虽然以上更多的是表彰了先生在中国近现代音乐史史料挖掘整理方面的贡献,当然我知道,以研究中国近现代音乐史而闻名的张先生,在学术上的成就早已功不可没。从硕士论文《论学校音乐歌曲》(1981)、张先生的名著如《中国现代音乐思潮》(1985)、《马思聪年谱》(2004)、《音乐家(2004)》等。,都在学术界起了带头作用。他的论文也已发表,《感人的历史——中国现代音乐史文集》(上海音乐出版社,2013年)在该学科享有很高的声誉。同样显而易见的是,张先生的研究之所以厚重、扎实、有突破性,是因为有扎实的史料基础。所以的名言“史学是研究史料的学问”用在张先生身上再合适不过了。

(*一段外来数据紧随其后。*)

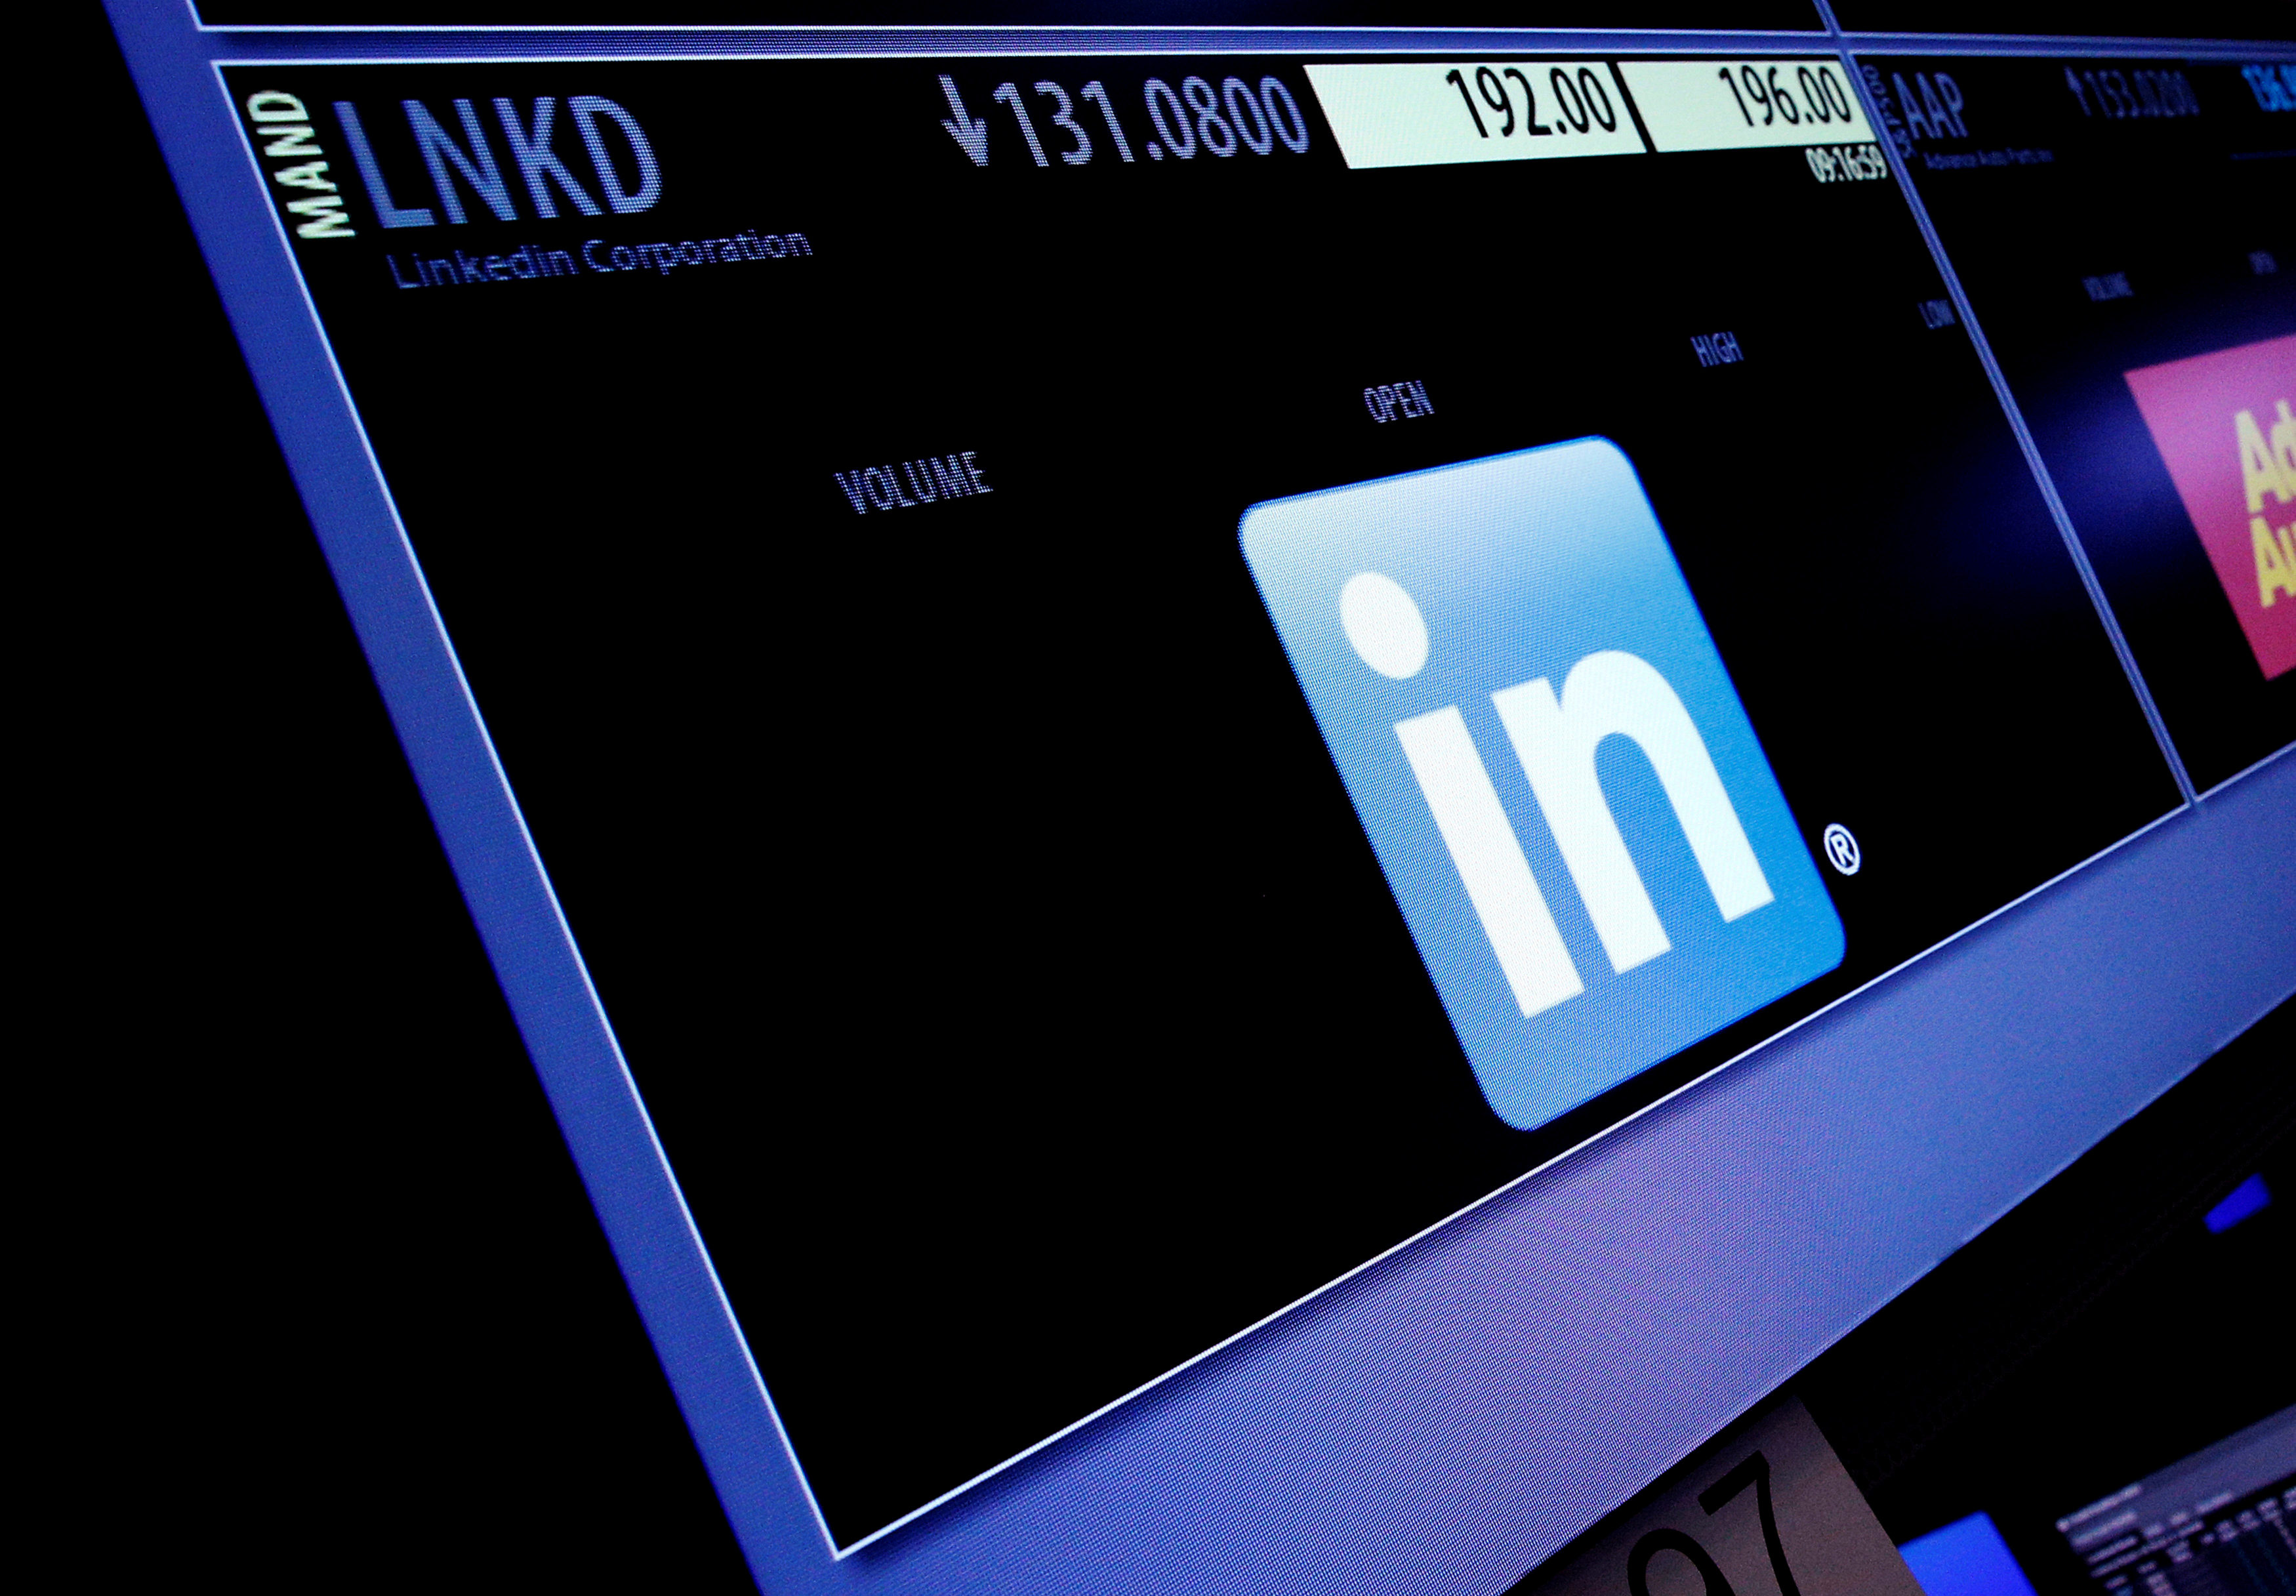 The ticker symbol and trading information for LinkedIn Corp. is displayed on a screen  at the post where it is traded, before the start of trading, on the floor of the New York Stock Exchange (NYSE) in New York City, U.S., June 13, 2016. REUTERS/Brendan McDermid

虽然我与张经伟先生接触的时间很短,但我仍然能充分意识到他是一个有气质的人,富有生活情趣,相处愉快。除了音乐和书法,张先生还热衷于观看足球比赛。2018年夏天“世界杯”期间,他的腰椎间盘突出复发,不能站立和坐着,每天还是躺着看比赛。张先生也喜欢旅游。2020年7月底,我和陈平原去平谷度假,在朋友圈发了酒店周边的照片。张老师看到后,留了两条信息,指给我看:“如果时间允许,可以从湖北路坐长途汽车去参观黄崖关长城,叫野长城,就是没修。你可以爬一会儿,也可以留下来。”“还可以坐几公里的长途车,可以去盘山看看,很不错。龙爷说,早知有盘山,何必下江南!但我猜你没时间!”8月2日下午4点发的。当晚写了微信回复,之后就没有张老师的消息了。9月10日,在李静的朋友圈里,我意外地得知张经伟先生一周前去世了。如果那两段话写在朋友圈,那就是他对我的遗言了。

张先生走路还是那么潇洒。

2021年1月27日,北京西部圆明园

张经伟的《晚清音乐图像——点石斋画报及其他画报》,将由人民音乐出版社出版。这篇文章是这本书的序言。